Fundraising Manager, Michael Boadi said while there appears to be a lot of talk against the menace, the commitment needed to nip the menace in the bud is lacking.

“We are not doing enough to prevent corruption. We are doing a lot of lip service, talking and pretense in our quest to fight corruption so people are not afraid,” he said on Joy News’ current affairs programme, PM Express.

The show was discussing the fallout from Manasseh Azure Awuni’s latest documentary, ‘Contracts For Sale’, where the CEO of the Public Procurement Authority (PPA) Adjenim Boateng Adjei was fingered selling government contracts.

The investigative price revealed how a company, Talent Discovery Limited (TDL), incorporated in June 2017 by the PPA boss won majority of government contracts through restrictive tendering.

Adjenim Boateng Adjei  - PPA

The president has suspended Mr Adjei 

After winning the government contracts, however, TDL then proceeds to sell the contracts to other companies.

During the undercover investigations, TDL was ready to sell one worth a ¢22.3 million to a non-existent entity during an undercover investigation.

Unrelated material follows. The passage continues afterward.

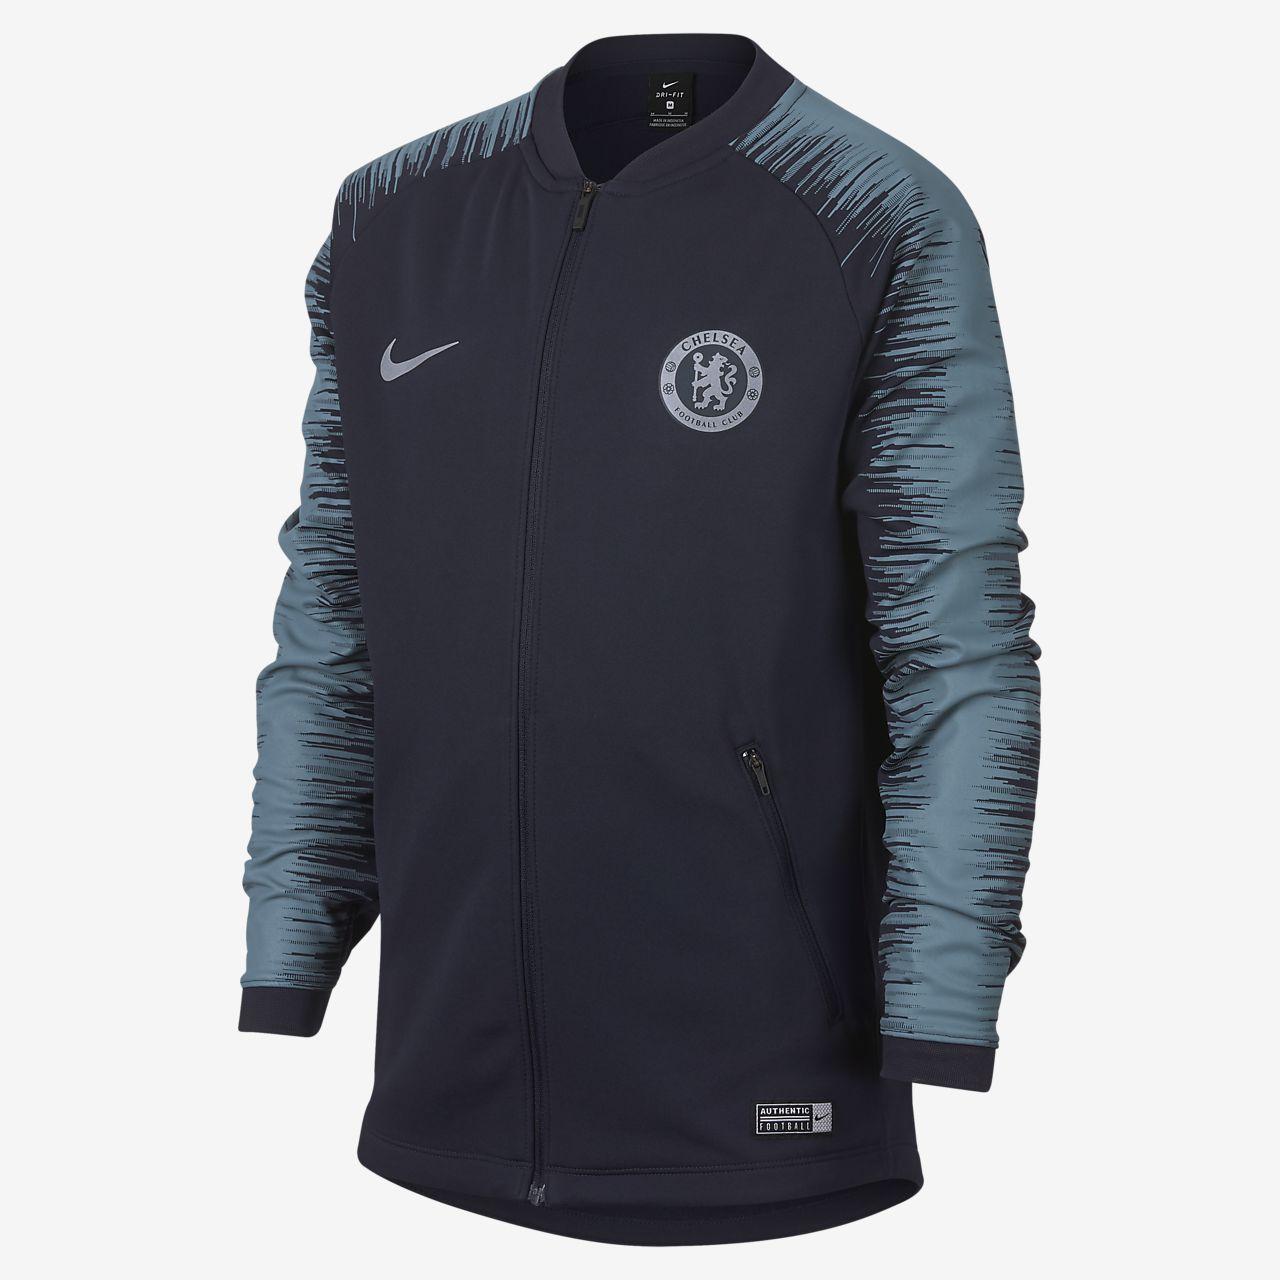 Chelsea FC Anthem Chaqueta de fútbol - Niño/a

Mr. Adjei claims the company engaged in the sale of government contracts belonged to his brother-in-law one Francis Arhin but later indicated that he was a part shareholder.

Talent Discovery Limited has had contracts with the Ghana Water Company (GWCL), Ghana Cocoa Board (Cocobod), Ghana Ports and Harbours Authority (GHPHA).

The GII which partly funded the documentary believes all these could have been prevented if the systems put in place to check such malfeasance where active.

Mr. Boadi believes what is lacking in Ghana’s fight against corruption and its related offences are the enforcement of laws.

He said if the laws are implemented as they should, corruption will not see the light of day in Ghana.

“We have laws. We pretend to be implementing the laws and somehow, people who seem to know more about various regulations lookout for gaps in the regulations and take advantage of it. And even when they are caught, it doesn’t seem like we have cracked the whip enough to deter people.

“The national anti-corruption action plan says that we must make corruption a high risk and low gain venture, but we have turned it around, corruption has now become high gain and low risk and so everybody who gains the slightest opportunity wants to explore it,” he stated.

Mr. Boadi also questioned the rationale behind the procurement method used in securing the TDL contracts.

He wondered if the laws governing procurement practices in the country were followed in the award of all 14 contracts based on a restricted tender.

“I don’t believe that all the 14 procurements that involved the TDL passes any of those prescriptions that the law prescribed. So what informed the decision for the entity tender committee to even forward a request for restrictive tender, beats everyone’s imagination.

“There is just a whole gamut of institutional and procedural failure that we all gloss over. This thing has gone on over and over and it looks like all the problematic procurement had either gone through restrictive tender, sole-sourcing or any of the exceptional procurement methods,” he added.